我在O'Reilly演示文稿(http://cdn.oreillystatic.com/en/assets/1/event/85/Case%20Study_%20What_s%20a%20Customer%20Worth_%20Presentation.pdf)
中找到了下图
是否可以在R中使用基本图形,格子或ggplot2重新创建此图?
以下是一些玩具数据:
set.seed(123)
number_of_observations <- 20
number_of_customers <- 5
day_start <- "2013/01/01"
day_end <- "2013/12/31"
d <- data.frame(id=letters[sample(number_of_customers, size=number_of_observations, replace=TRUE)],
date=sample(seq.Date(as.Date(day_start),as.Date(day_end),by="day"), size=number_of_observations, replace=TRUE),
amount=sample(1000, size=number_of_observations, replace=TRUE))

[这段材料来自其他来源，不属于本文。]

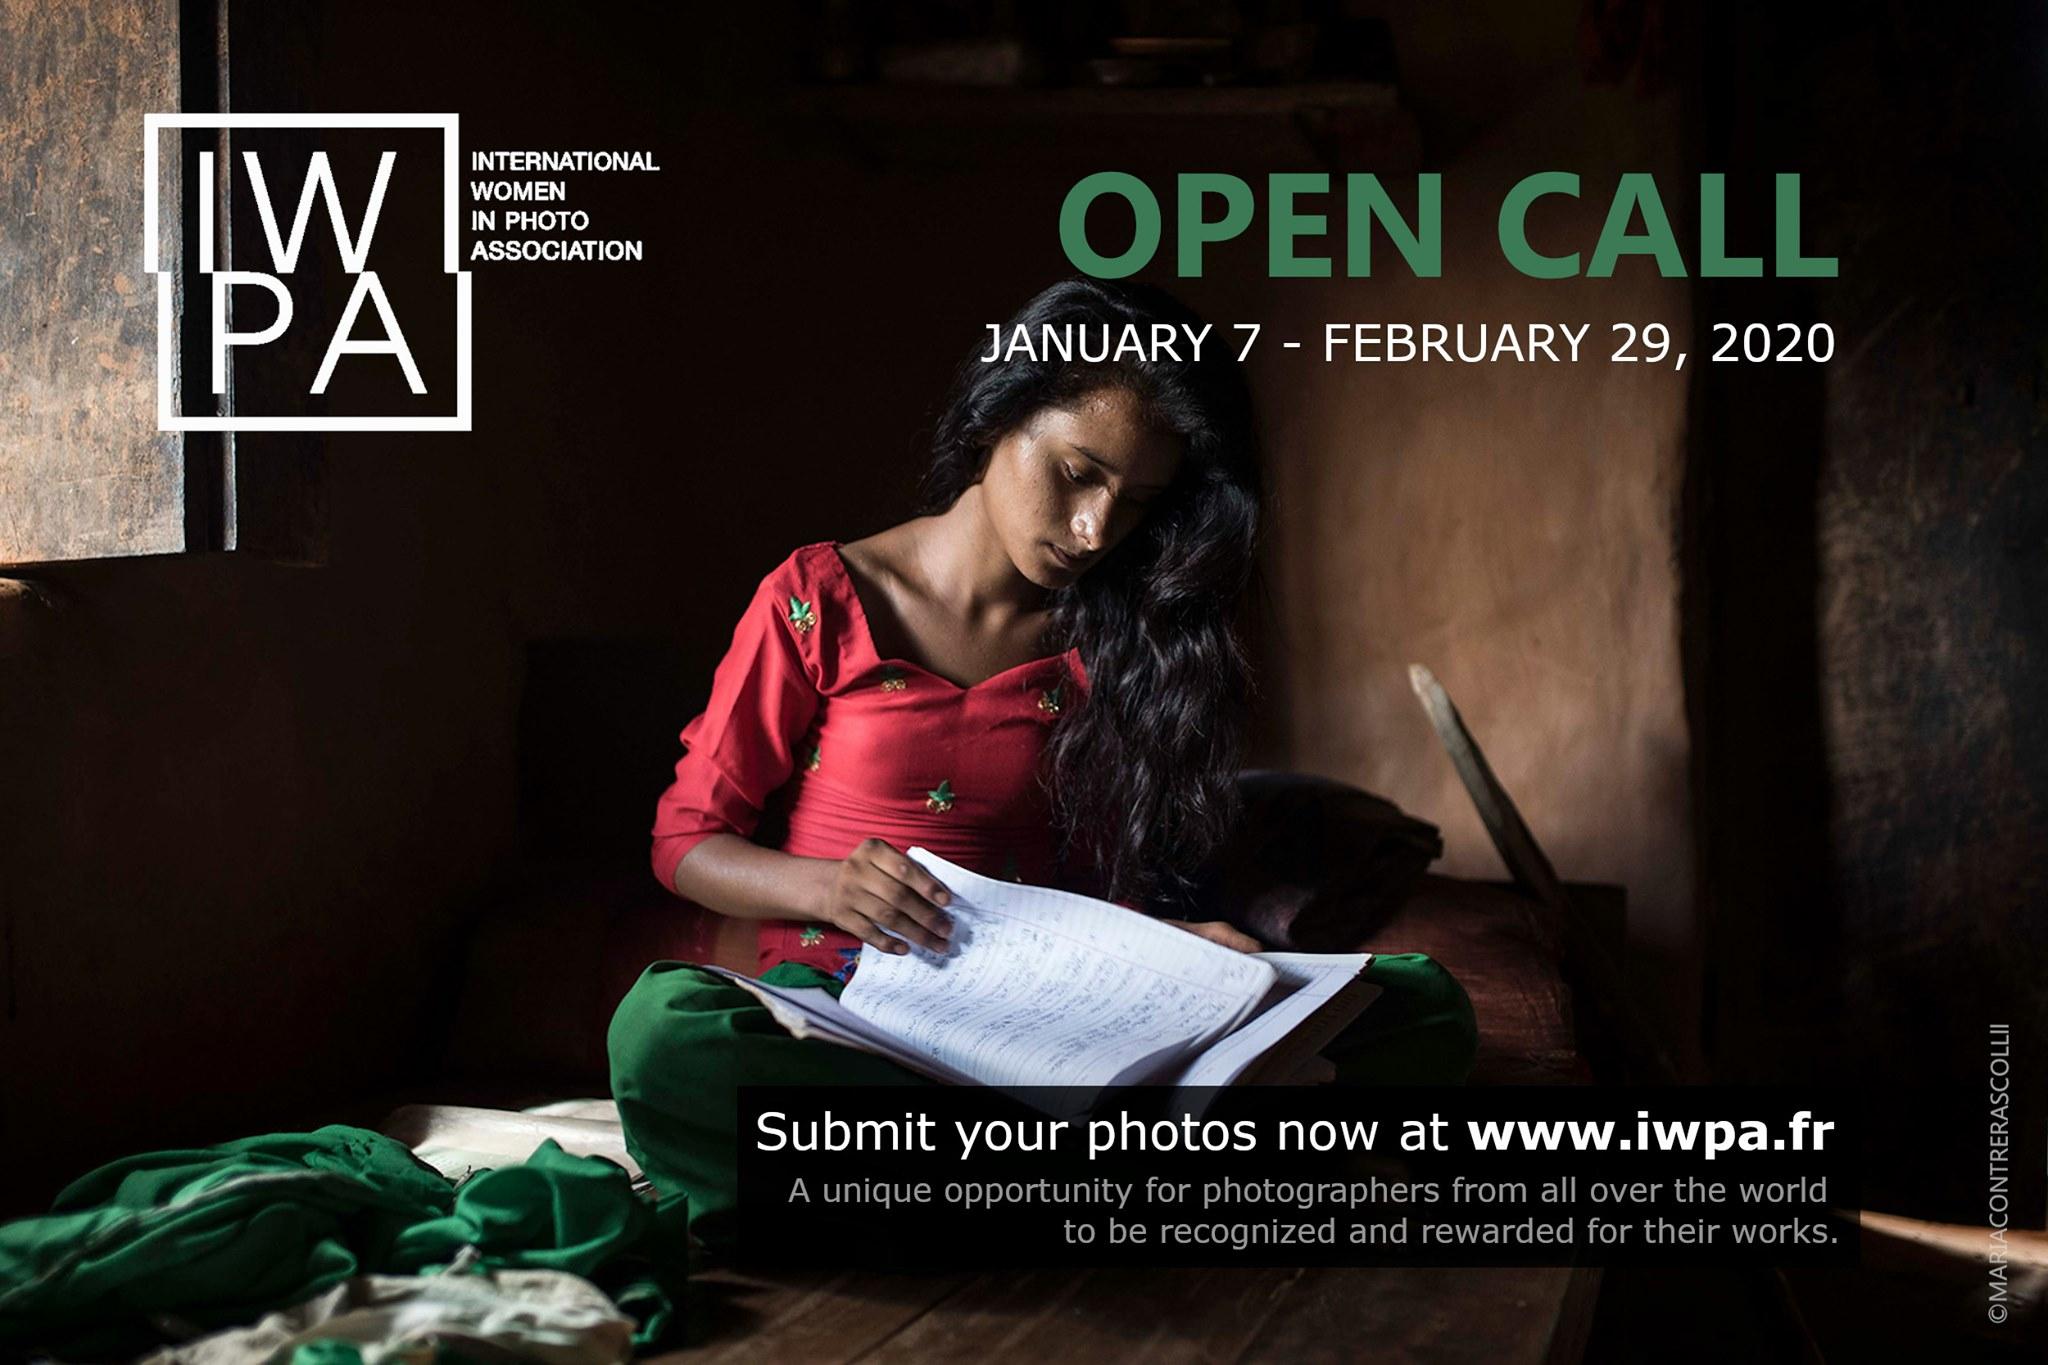 Iwpa International Women Photographers Award Open Call 2020 Asef Culture360

d_sorted <- d[order(d$id, d$date),]
d_sorted
# id date amount
# a 2013-01-09 561
# a 2013-03-20 754
# a 2013-09-16 139
# b 2013-04-27 896
# b 2013-10-04 128
# b 2013-11-21 143
# c 2013-02-23 858
# c 2013-04-16 266
# c 2013-07-18 234
# c 2013-08-22 414
# c 2013-10-18 122
# c 2013-11-26 443
# d 2013-09-10 415
# d 2013-09-10 799
# e 2013-03-26 375
# e 2013-06-24 207
# e 2013-08-05 466
# e 2013-08-28 153
# e 2013-12-18 46
# e 2013-12-29 369
感谢您的帮助。
答案 0 :(得分:2)
我认为跟随尽可能接近。
data.table
它可以更简单D <- data.table(d)
MaxDate <- D[, max(date)] + 10
MinDate <- D[, min(date)]
D2 <- D[, list( date, firstdate = min(date)), by = id]
D2[, plot(date, id, type='n', bty='n',axes=FALSE, xlab = "", ylab ="")]
D2[date!=firstdate, points(date, id, pch =4)]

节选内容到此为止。